3. The tempered moulding sand is riddled on the pattern. The sand is pressed around the
pattern with fingers.
4. The sand is then rammed in the drag by means of a hand rammer. It should be lightly
rammed over the pattern and more heavily away from the pattern. In ramming the
sand around the sides of the flask, the peen end of the rammer should be used first and
then additional sand is placed into the drag as the sand is packed down. The inside
area of the drag is then packed down with butt end of the rammer. It may be noted
that if the sand is not sufficiently rammed, it will not hold together when handled or
when the molten iron strikes it. On the other hand, if it is rammed too hard, it will not
permit the steam and gas to escape when the molten iron comes into the mould.
5. After ramming, the excess sand is leveled off with a strike-off bar.
6. A vent wire is thrust into the sand in a number of places to reach the pattern so that
small vent holes are made to escape of the gases when molten metal is poured.

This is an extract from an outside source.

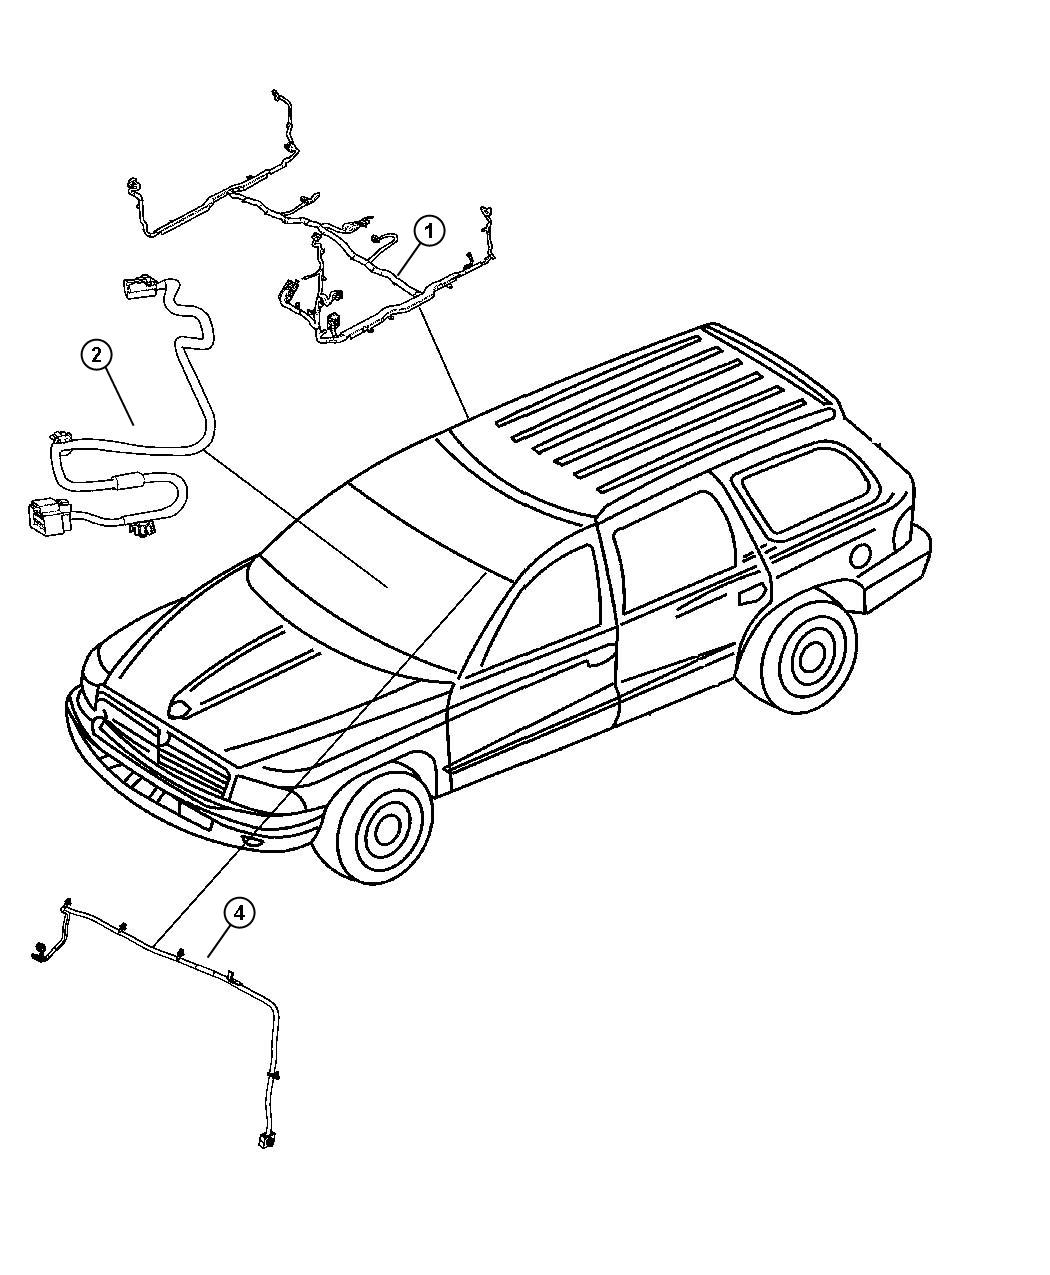 2008 Chrysler Aspen Wiring. Body. Interior. [hbb, cgs, jpm

7. A loose sand is now sprinkled over the mould and a bottom board is clamped in
position, as shown in Fig. 12.2(b).
8. The drag is now rolled over and the moulding board is removed, exposing the pattern.
9. The surface of the sand is first smoothed over with a trowel and then covered with a
dry parting sand. This is done to prevent the sand in the cope(upper part of moulding
box) from sticking to the sand in the drag when the mould is separated to remove the
pattern.
10. The top half pattern is now fixed in position with a cope on the drag, as shown in Fig.
12.2(d).
11. The facing sand is riddled over the pattern and the sprue and riser pegs fixed in
position, the cope is filled with green sand. The operations of filling, ramming and
venting of the cope is similar to that of drag.

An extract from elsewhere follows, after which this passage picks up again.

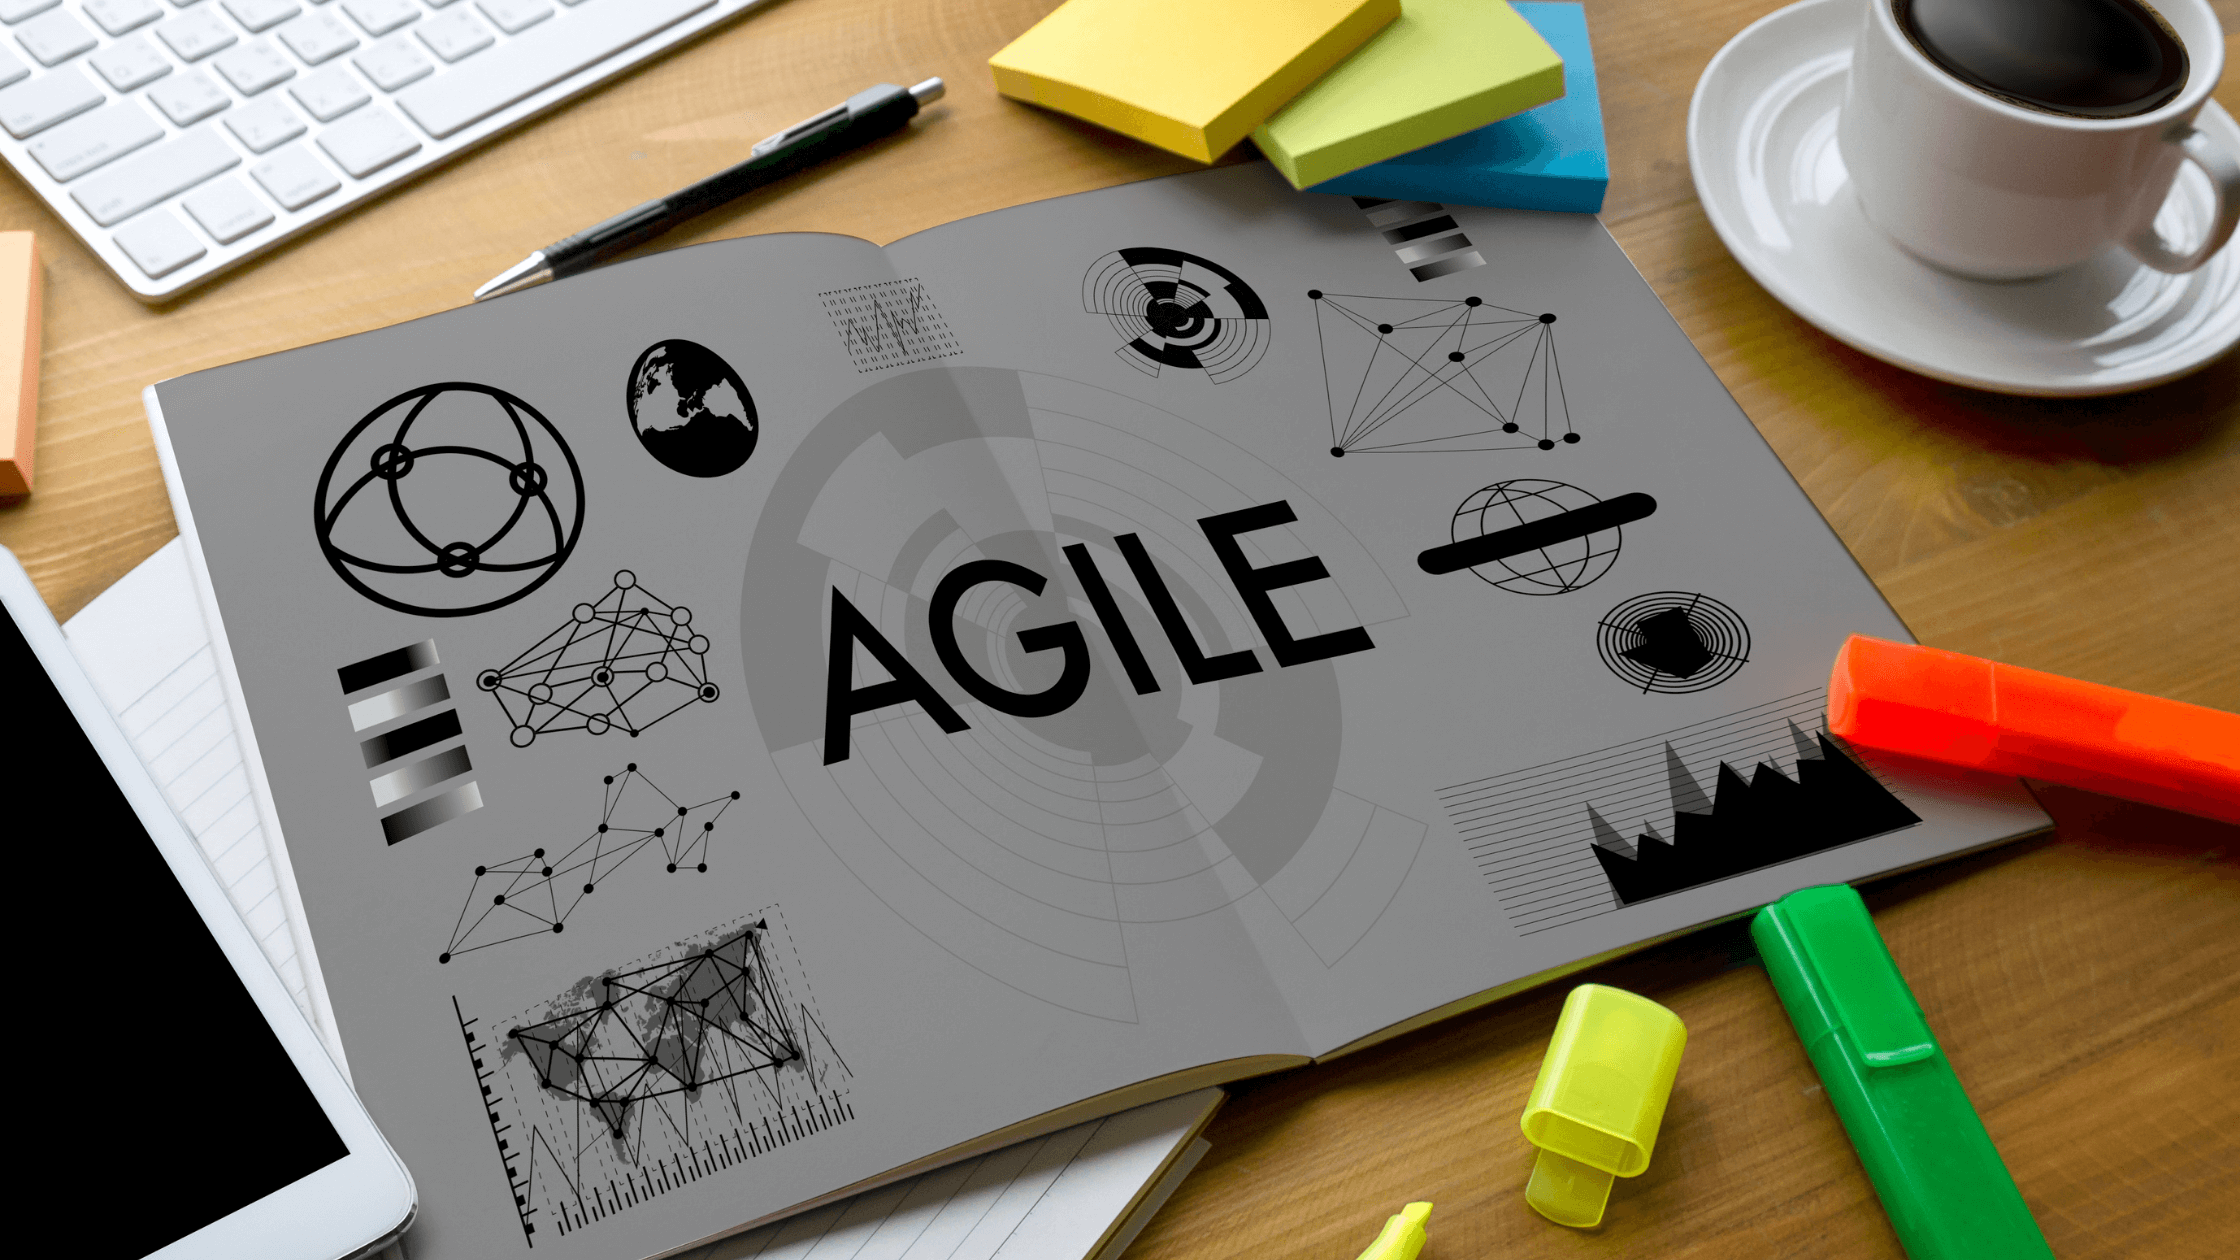 Agile analytics graphic above office desk

12. The sprue and riser pegs are withdrawn; the top part lifted from the drag and rolled
over to horizontal position.
13. Any loose sand is brushed from the faces of the mould and the joints smoothed.
14. Water from a swab is sprinkled on the sand around the pattern so that the edges of the
mould hold firmly when the pattern is withdrawn.
15. A draw spike is driven into the patterns and rapped lightly in all directions in order to
loosen the pattern. The patterns from both parts of the mould are withdrawn by lifting
up the draw spike.
16. A small passage known as gate must be cut from the mould at the bottom of the sprue
opening which is made like a funnel to facilitate pouring of molten metal.
17. The centre core is now fixed in the print left by the pattern in the drag.
18. The mould surfaces may be sprayed, swabbed or dusted with a prepared coating
material containing silica flour and graphite. The composition of the coating material
depends upon the type of material being cast. This coating material improves the
surface finish of the casting and reduce possible surface defects.
19. The top part is rolled back, carefully lowered into position on the drag, and clamped
or weighted. The mould is now ready for pouring, as shown in Fig. 12.2(h).